# Blood, gore, and action



## Jabrosky (Aug 30, 2012)

I see myself as a big fan of action most of the time. I love action-packed movies, computer games, and books, and most of the characters I write and draw are either warriors, hunters, or dangerous wild animals. However, after an introspective analysis of my love for action, I have discovered that I actually don't like one element stereotypically associated with the action genre: excessive blood and gore. Especially gore, and especially if humans are the recipients. I love seeing physically dynamic characters maneuvering their bodies about, parrying enemy attacks, and evading danger, but I wince whenever I see them inflict actual bleeding injuries above the level of a few scratches or pokes. If they must hit each other, it shouldn't leave more than a few bruises. That doesn't mean I won't write blood and gore into my stories, because it's often inevitable whenever you have physical combat, but I don't like to actually see the blood and gore in visual media. That's why I avoid horror movies like the plague; they simply offer the gore without letting characters fight back most of the time.

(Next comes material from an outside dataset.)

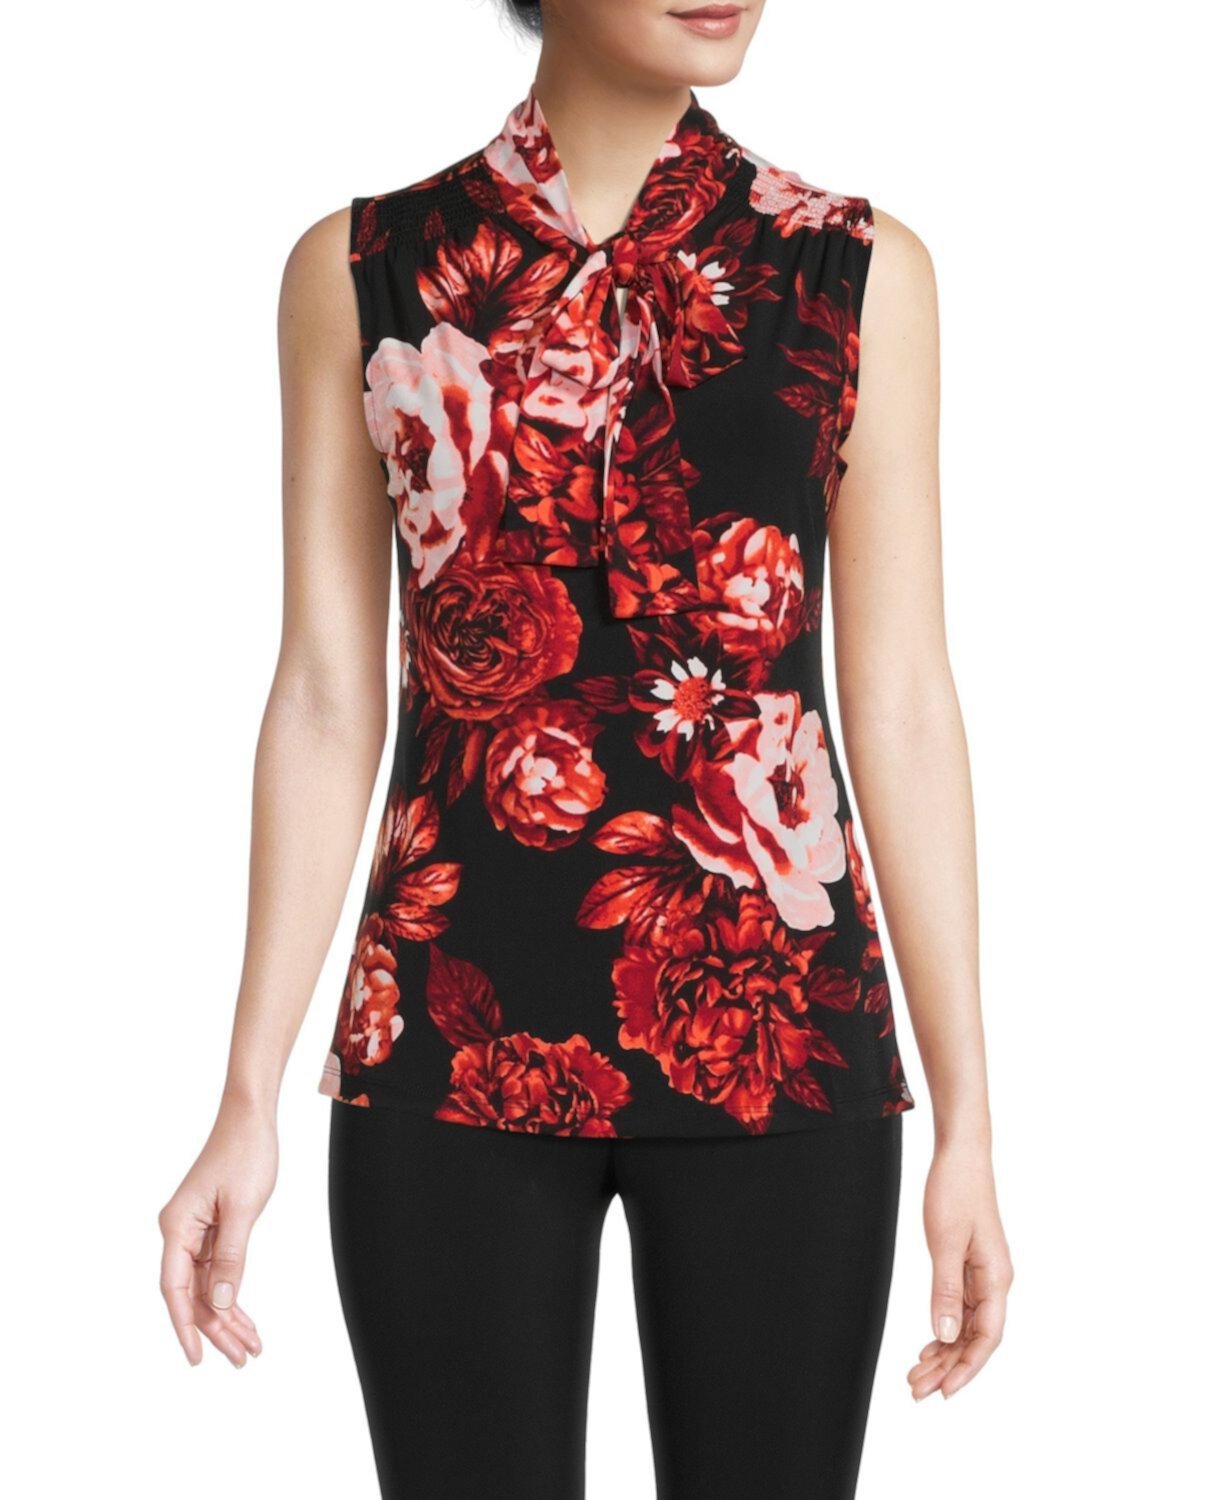 Sleeveless Floral Top Premise

I swear that ever since _300 _came out fantasy action movies have grown excessively gory. The worst offender I can recall was the recent _Immortals _movie; it would have been mediocre had the filmmakers not gone overboard in cutting up the characters and spilling CGI blood everywhere.

Anyone else weird like me in liking action but not gore?


----------



## Philip Overby (Aug 30, 2012)

I like both, I'm not going to lie.  I like simple PG-13 levels, but I also like more excessive stuff (being a fan of the horror genre).  I do draw the line eventually, as I don't like seeing too much (I used to watch Fulci movies when I was younger, but I don't think I could stomach them nowadays).  In novels, I can handle it a lot better.  I'd say Joe Abercrombie is one who handles lots of blood, but it doesn't ever get to a point where it's nauseating.  Jesse Bullington is probably as extreme as I'll go in the fantasy genre, and he can be quite extreme.   If the story and characters are good enough, then I don't mind the level of blood so much.  This coming from someone who sort of uses blood for comedic effect or in order to make my stories over-the-top on purpose.  I probably haven't figured out the right amount yet though.

I'm fine with action that is without blood, but it has to be a certain kind of story/movie.  If it's like Three Musketeers, I can handle that as I don't expect that level of violence as it's more stylish sword play.  However, in a movie like Excalibur, which I think does its battle scenes pretty realistically, I expect a certain amount of grit and blood.  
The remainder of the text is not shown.